Section 4 then introduces the experimental results and verifies the effectiveness of the proposed method on the CWRU bearing data set and private-bearing data set. Finally,
Section 5 is the conclusion.
5. Conclusions
This paper proposes a hierarchical sparse discrimination autoencoder method for the intelligent diagnosis of rotating mechanical component faults. Through the experimental verification and analysis of the CWRU data sets and the private data sets, the following conclusions can be drawn:
- (1)
The proposed hierarchical sparse strategy is used to optimize the SSAE, giving different sparse activation and sparse regularization weights to the neurons in each layer of SSAE, which enhances the randomness of the network sparseness and achieves better the diagnostic effect. Using the PSO to obtain the best sparse parameters adaptively driven by data can improve network sparseness and avoid the complexity of manual parameter selection;
- (2)
The class aggregation and class separability strategy can effectively enhance the classification ability of the autoencoder network. It is proved from the side that the proposed method can optimize the feature extraction performance of the autoencoder;
- (3)
Compared with other methods, the standard deviation of the HSDAE method proposed in this paper is small, and the fault diagnosis accuracy is high, which reflects the effectiveness, reliability and stability of the HSDAE method in fault diagnosis.

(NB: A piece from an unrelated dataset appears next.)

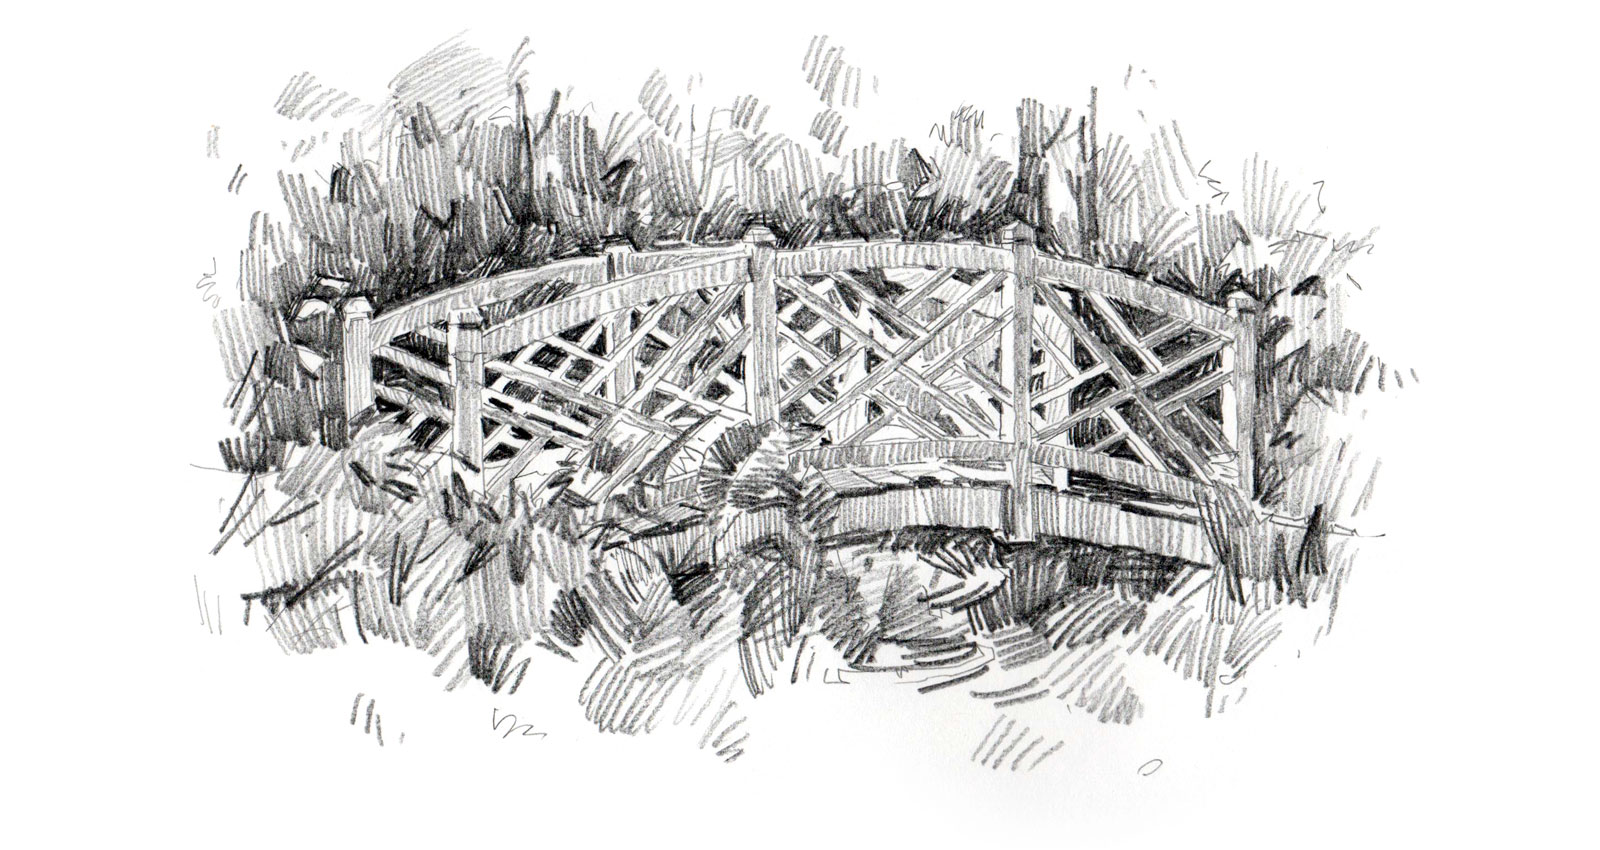 Lattice Bridge

Regarding the future work direction, in this study, the hierarchical sparse strategy and discriminative distance are combined as the loss penalty term of the loss function. Therefore, specifying a better strategy is an important direction of subsequent research. In addition, the method proposed in this paper can only perform accurate fault diagnosis for the same distributed data set. In the future, the domain adaptive method will be further studied based on this method to realize the fault diagnosis for different distributed data sets.